Some things, though, just don’t feel right. It felt like I was trying to fit a square peg in a round hole. While the sound and navigation systems were awesome, the drive was extremely bumpy, so much so that when my friends would ride with me, I could hear their voice “bounce” as we hit bumps. Granted, the car was supposed to be “sporty”, but it got to be uncomfortable. Plus, the tailgate was really heavy and was difficult to close with just one hand…not ideal when you live in a condo and usually have your hands full of crap that needed to be lugged upstairs. I took that car on several road trips and, every time I did, I disliked it more and more. So after just a year of ownership, I decided to trade it in.
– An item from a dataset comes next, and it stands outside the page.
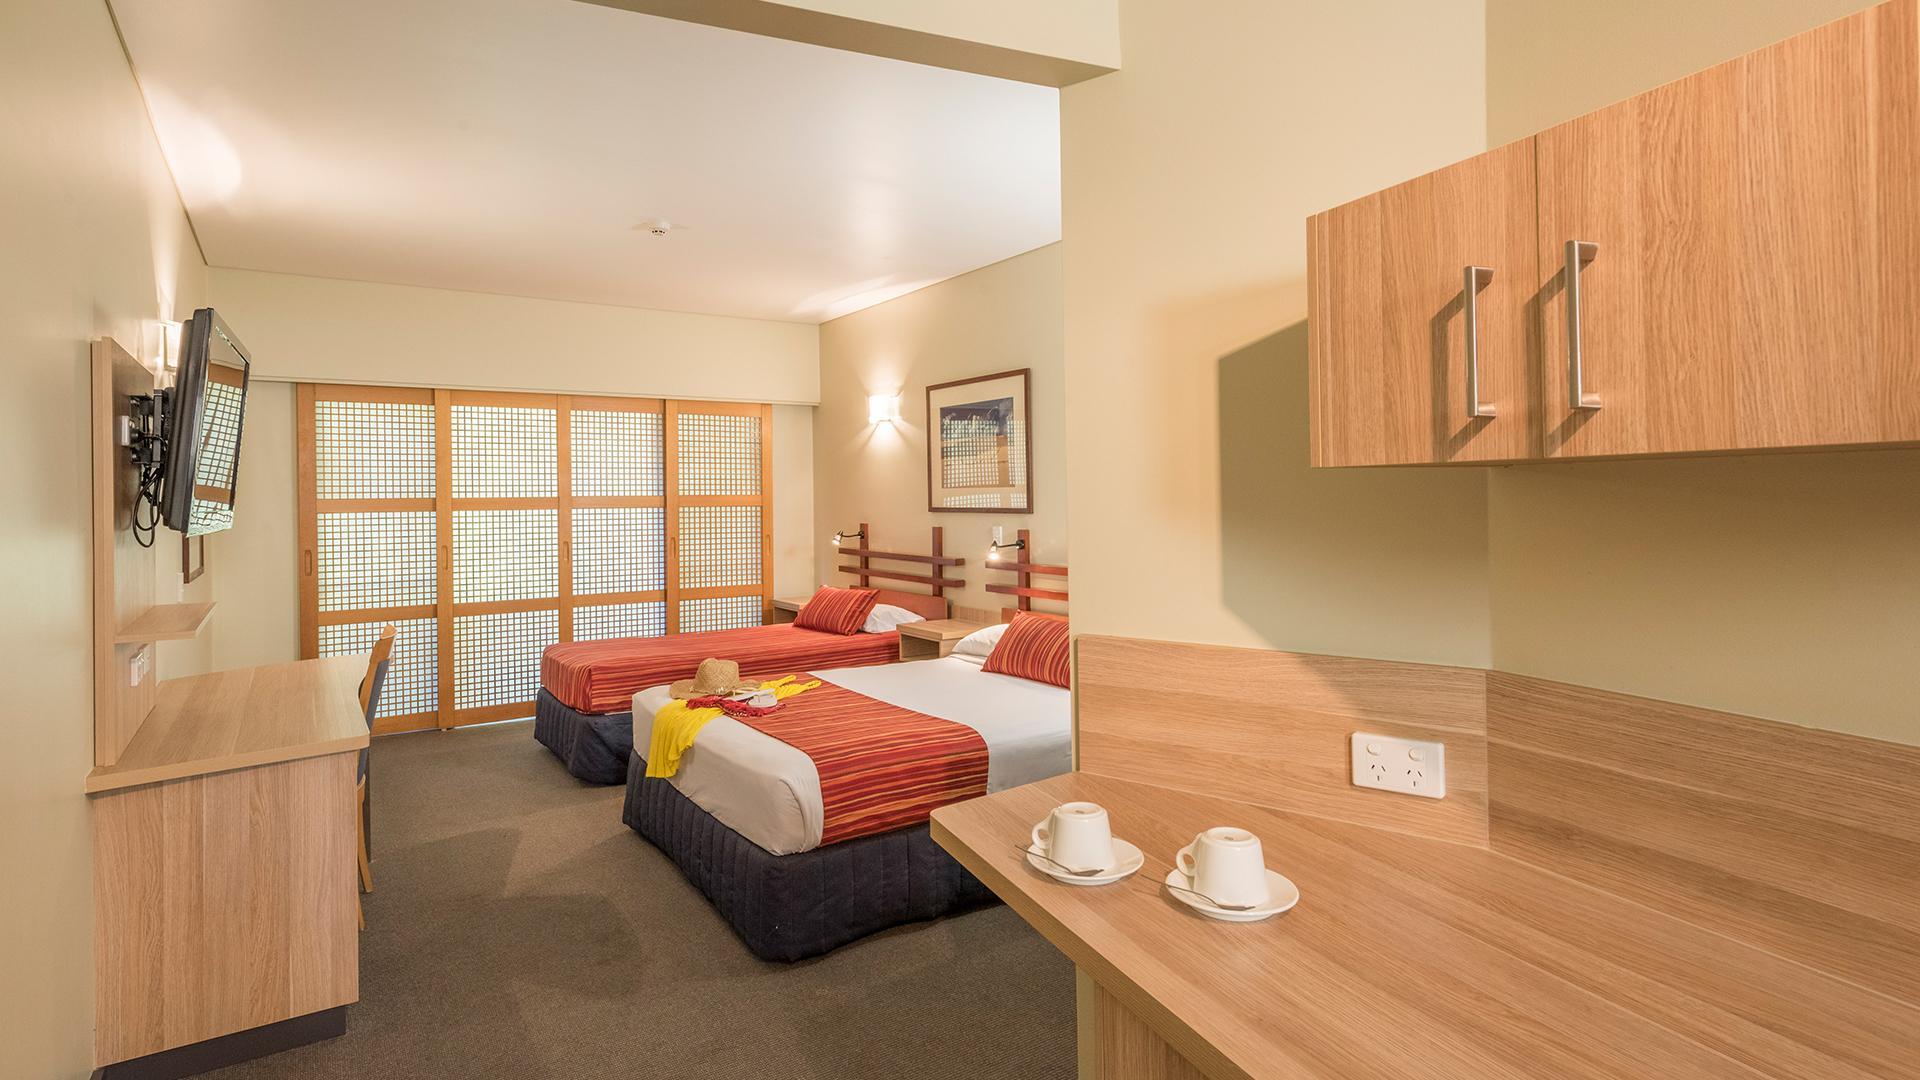 Resort Hotel Room - 3 Nights - ROMANCE image 1 at Kingfisher Bay Resort by Fraser Coast Regional, Queensland, Australia

Fast forward to February 2012. I’d fully returned to my Texas roots after moving back to Houston and determined I needed a giant SUV. I’d always loved the Chevy Tahoe. And I mean, what single girl doesn’t need a huge, gas-guzzling SUV? Amirite? So after about 752 hours of negotiating at MacHaik, I was the proud owner of a black 2012 Chevy Tahoe. And, true to form, I only bumped into two things from the giantness of it in the first three months — a concrete post at the Galleria, for which I kept taped on my car with clear duct tape until I shelled out $500 to replace it (!) and a dent in the hood when I was testing out the garage of a house I was looking to buy, drove too far forward, and barely tapped a piece of wood sticking out that caused a tiny dent. It’s still there. More on that later. Ahem.
I used to have personalized license plates, but gave them up years ago. Although small, it was an expense I didn’t really need or care to have. But after seeing all the cool new specialty plates on MyPlates.com, the itch became too much to scratch. First I wanted the State of the Arts plates, but when everybody and their sister got them, I balked. As an avid animal rescue advocate, I considered the Animal Friendly plates, but decided they were too juvenile for me; plus, being singel and spoiler of a 14-lb Canadian Tabby cat, I thought those plates might make me borderline “crazy animal lady”, so I balked again. I like the Hunt Texas plates, but I’m not actually a hunter; I really liked the “Come and Take It” plates but was told by more than one person that they weren’t at all “ladylike”. Right. And then I saw them — on a white BMW driving through West U, I saw the Ducks Unlimited Blue Heron plates. And I was in love.
I am a huge fan of bird prints, especially Audubon. And Herons have always been a favorite. Plus, I’m an avid conservationist — of dogs, anyway — so the Wetlands Conservation plates were perfect for me. Once I figured out those are the ones I wanted, I ordered them so quickly, I practically blew up my keyboard.
So it was all fun and games until my work-husband and I went out for lunch recently. He noticed my new plates and said “oh yes, Ducks Unlimited — they’re the group who protects the birds along the coast so they’ll be plentiful for hunting.” Um, exsqueeze me? THEY PROTECT THE BIRDS ALONG THE COAST SO HUNTERS CAN SWOOP IN AND KILL THEM?! My work-husband witnessed the launch of “Operation Shock & Awe” right then and there. I called a friend who is a big hunter and he too confirmed this was the truth. Oh. Em. Gee.
Don’t get me wrong, y’all…I’m not opposed to hunting. In fact, I am a bonafide CHL holder and took Riflery for two semesters as my kinesiology credit at Texas A&M (whoop!), so I can handle a gun and *will* one day hunt an animal. However. I was none too pleased that I was now driving around Houston promoting the death of birds the world over. So I did what any smart girl would do: I consulted the Google. And, I have good and positive news to report; not only does Ducks Unlimited promote conservation of areas so there will be plentiful flocks for hunting, but they ALSO promote conservation so waterfowl habitats can flourish.
Now, these two things may or may not be nearly identical, but no matter — I’m sticking to the idea that the $30 “donation” I made to get my over-thought-about-fancy-license plates is going to helping the birds along the Texas coast rather than kill them. The point of this overly-long and drawn out story is this: if any of you think anything contrary to what I’ve just said, then my message to you is conserve this! Please and thank you.